The Caterpillar Tractor Company was formed in 1925 with the merger of the Holt and Best companies. Both companies had been independently developing and manufacturing tracked machinery. Until farm tractors with rubber tires became widely available in the 1940’s, Caterpillar was heavily involved in the farming market. Their most popular small tractor-crawler was the Model Twenty-Two. It was built in Peoria, Illinois and was in production from 1934 to 1939. Powered by a four cylinder, four stroke kerosene engine, the tractor-crawler was rated at 30 HP and weighed about 6600 pounds. 15,156 total units were built. It was the first Caterpillar vehicle to be painted in the now familiar yellow color.



















The tractor-crawler is actually a 1:16 scale model from Norscot Die Cast Models. Although the tractor-crawler is considerably oversize in relation to the Bachmann 1:20.3 scale flat car, it is visually acceptable to most viewers for two reasons. First, unless the viewer is a tractor-crawler enthusiast, they probably do not know how small the Model Twenty Two actually was. Secondly, most viewers are familiar with modern Caterpillar bulldozer equipment of the same color and expect them to be large.



















The Norscot model comes in a pristine condition and looks like a brand new piece of equipment, fresh from the Caterpillar factory. I weathered it with powdered pigments and India ink to get it to the well-used, but still serviceable, condition you see in the photos. I then locked-in the weathering with a couple of light oversprays of clear flat spray paint (the cheap kind from Walmart.) I still need to add some tie-down chains and a couple of planks for blocking, but you can get the general idea of what it will look like from the photos. Just wanted to pass on a handy tip I learned a long time ago ... don't be afraid to mix scales to create an effect!


----------



## San Juan (Jan 3, 2008)

Awesome










Looks great weathered, and on a nice looking Bachmann flat too. 



Mixing scales for loads like these is an excellent tip, but sometimes doesn't work out so well if the scales are too different.

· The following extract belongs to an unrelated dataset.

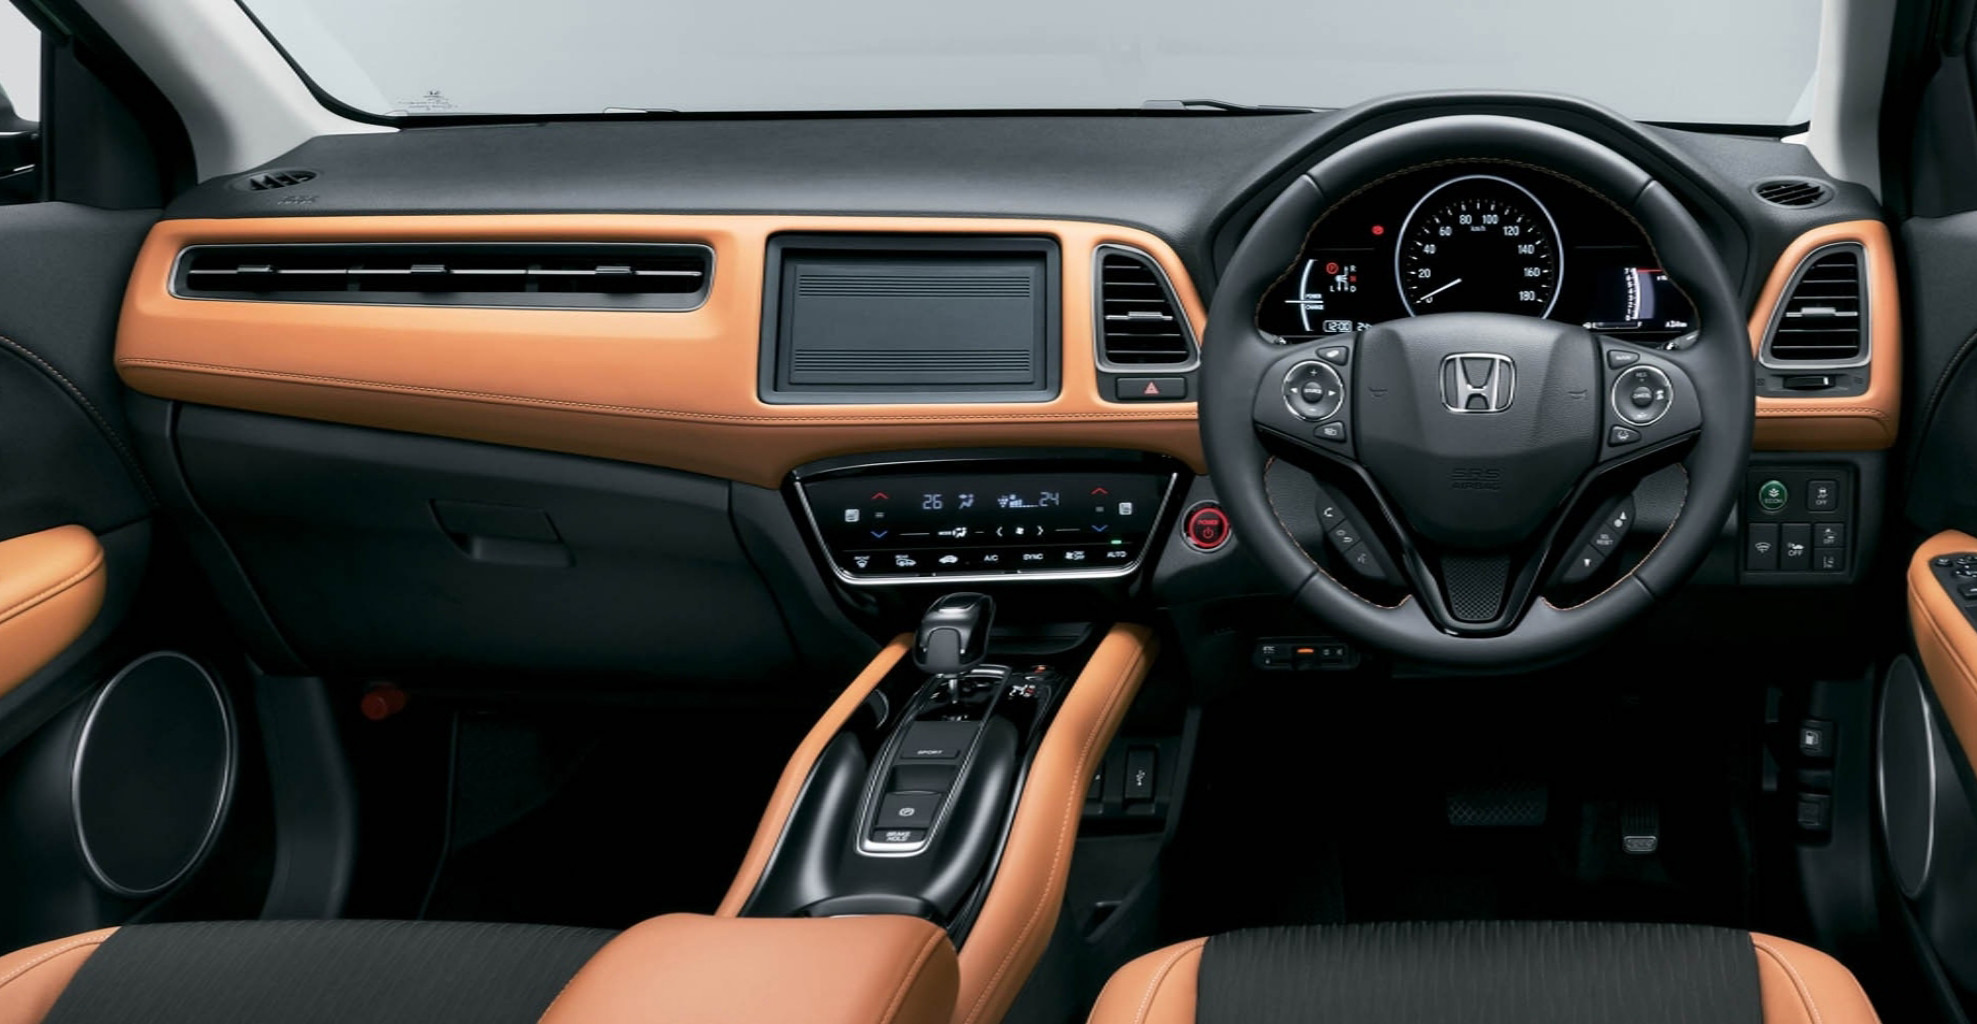 2019-honda-hr-v-facelift-launched-in-japan-as-new-vezel-autoevolution-interior.jpg
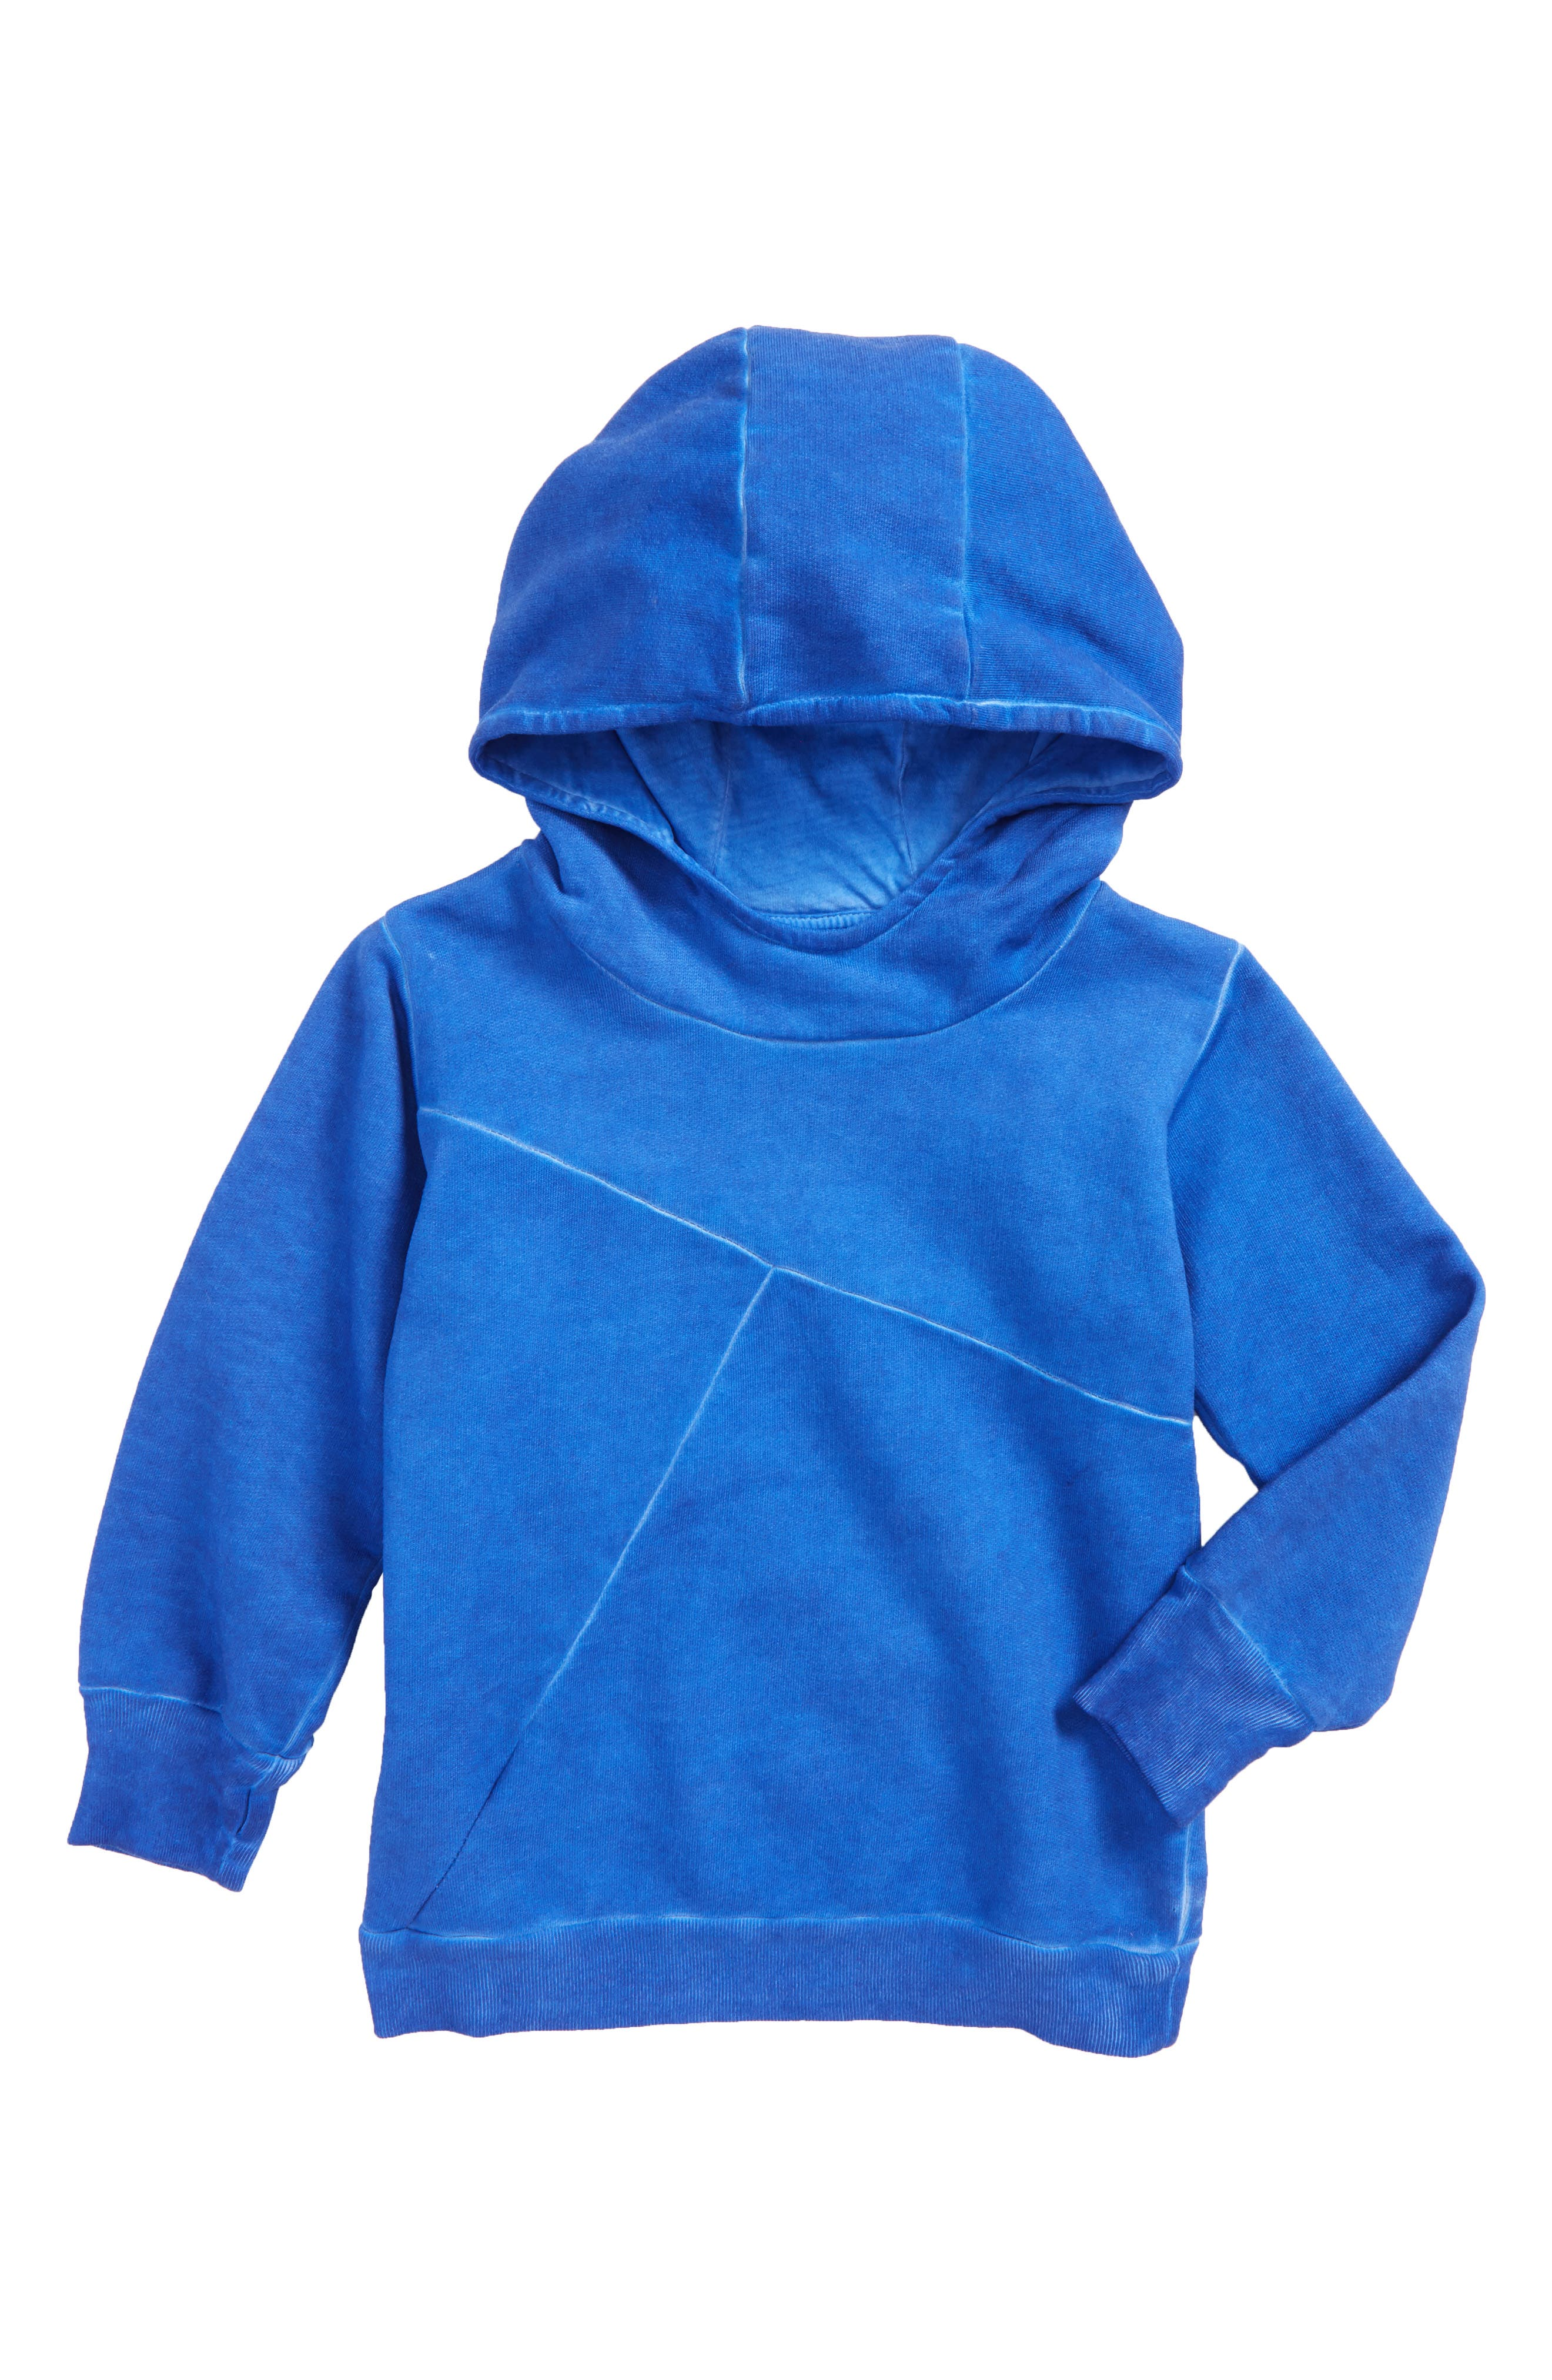 Main Image - NUNUNU Numbered Hoodie (Toddler Boys & Little Boys)

I wanted a vintage tractor load but couldn't find any close to our 1:22.5 scale. Most were 1:16 like your crawler. Unfortunately 1:16 is too big in my opinion for anything smaller then 1:20.3. But then I got lucky and found a pair of what I think are close to 1:25 scale metal tractors on eBay. They needed new paint and lettering. But after some work, I think they make a nice flatcar load:














Any idea what you'll use for chain tie downs? I need tie down chains as well and would like to use Ozark Miniatures. But I'm not sure if the lengths mentioned on their website and in the catalog are scale or actual.


----------



## rhyman (Apr 19, 2009)

Matt, 
I bought a five-foot length of Ozark Miniatures blackened brass chain, P/N 1023, to use for my tie-downs. It is 8.5 links per actual inch. In 1:20.3 scale, each link scales out to 2.4 inches. For 1:22.5 scale, each link would scale out to 2.64".


----------



## San Juan (Jan 3, 2008)

Thanks Bob.

Is the five feet actually five feet? Or is this a scale 5 feet?


----------



## rhyman (Apr 19, 2009)

Yes. It is an actual five feet of chain. Should be enough to make lots of tie-downs, chain hoists, and numerous other little clutter details.


----------